» COLLECTED MATERIAL:
************

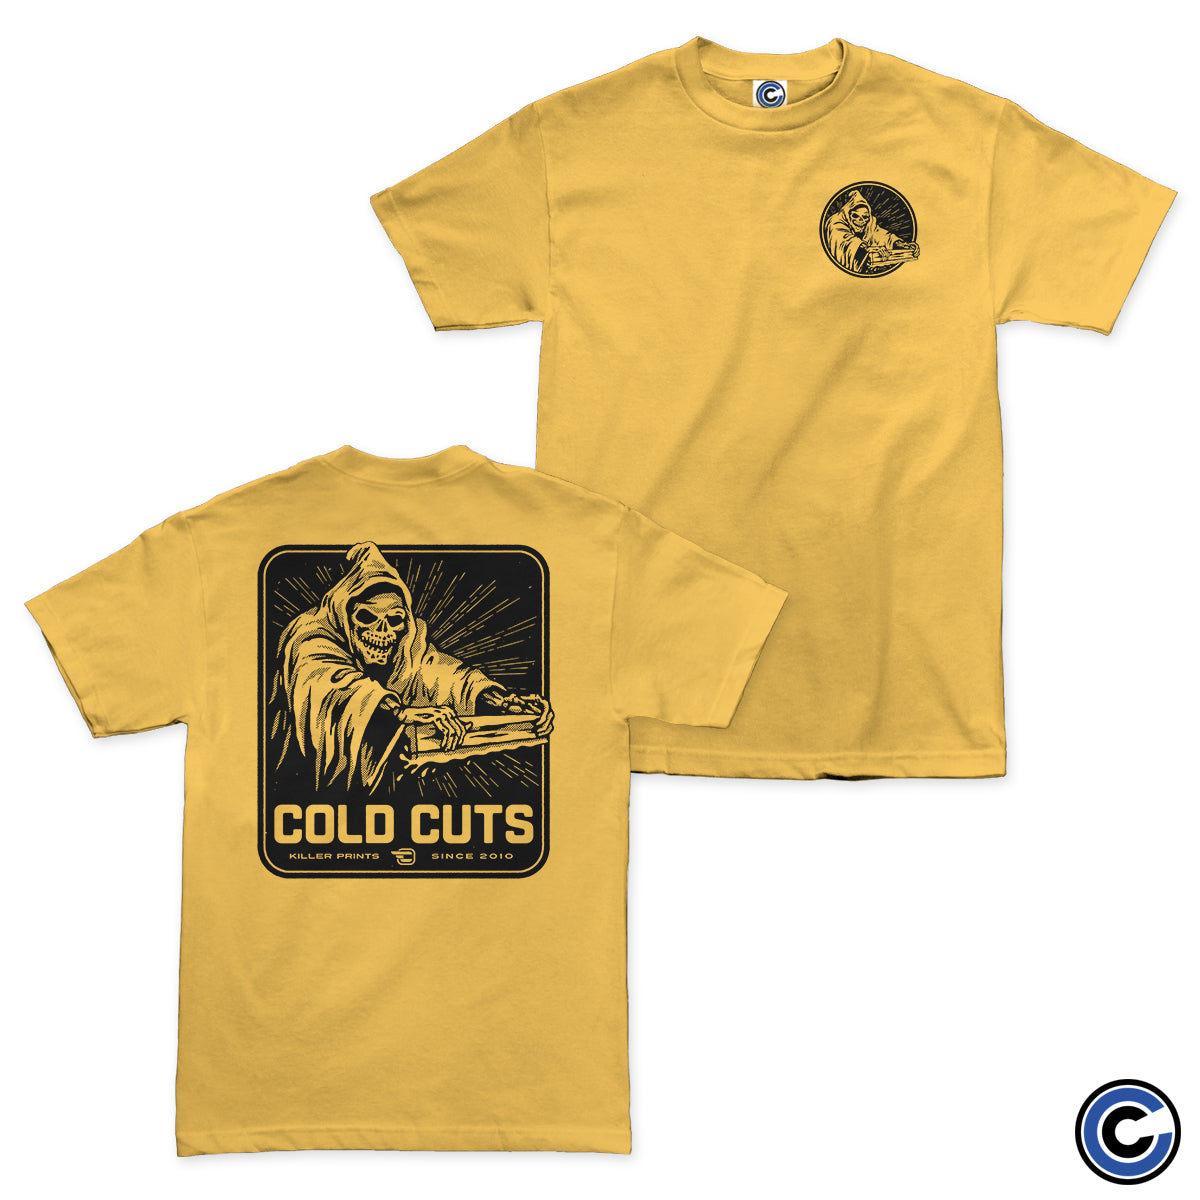 Cold Cuts "Night Reaper" Shirt
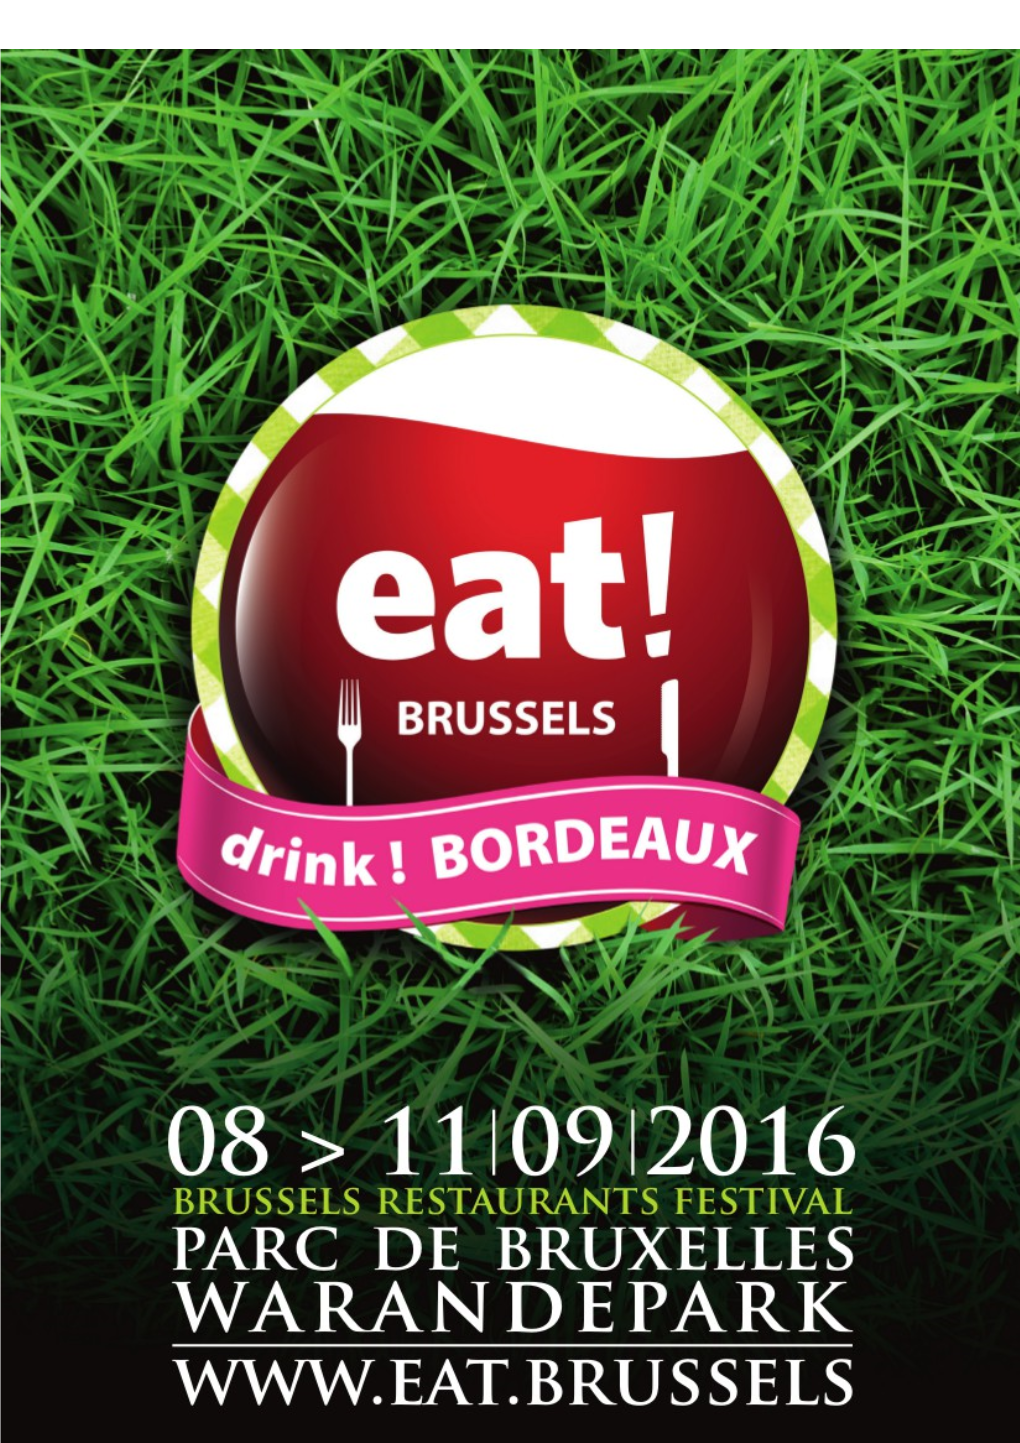 Eat! BRUSSELS, Drink! BORDEAUX 2016
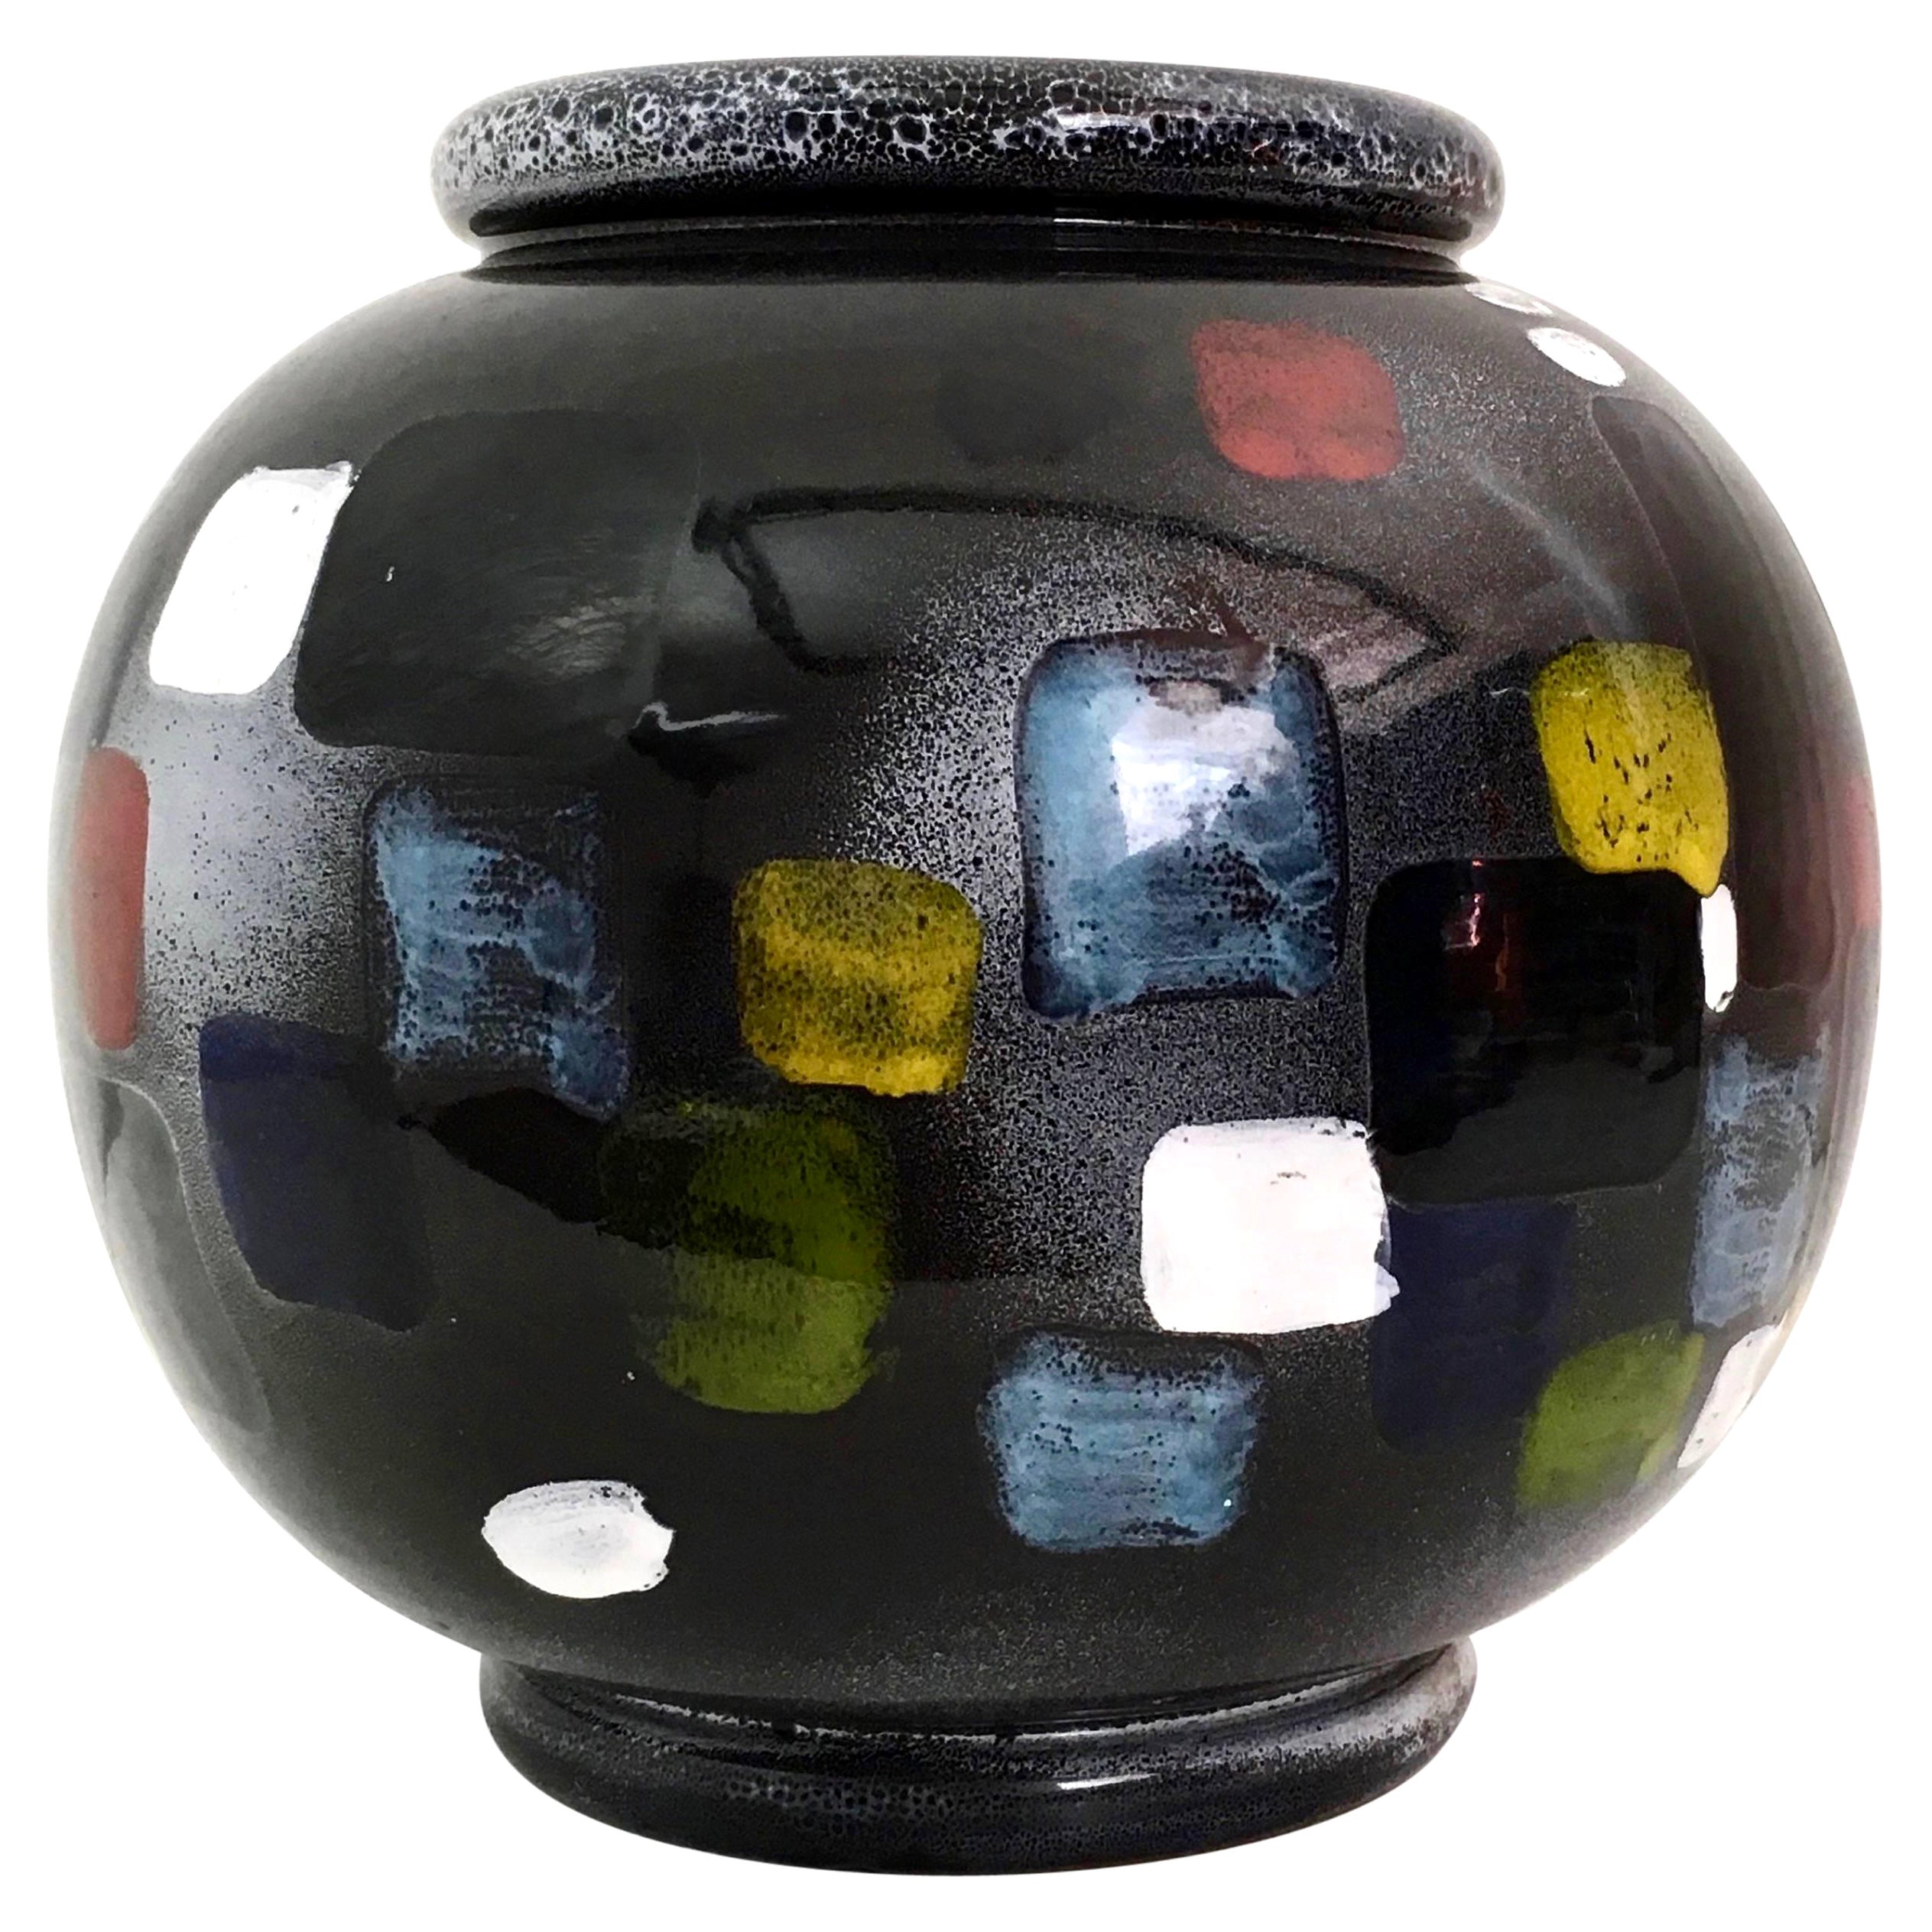 Vintage Black Deruta Ceramic Vase with Multicolored Details, Italy

************

» TASK TO COMPLETE: No pictures belong in the copy. Repeat the listing above exactly.

» ANSWER SPACE:
 Cold Cuts "Night Reaper" Shirt
 Eat! BRUSSELS, Drink! BORDEAUX 2016
 Vintage Black Deruta Ceramic Vase with Multicolored Details, Italy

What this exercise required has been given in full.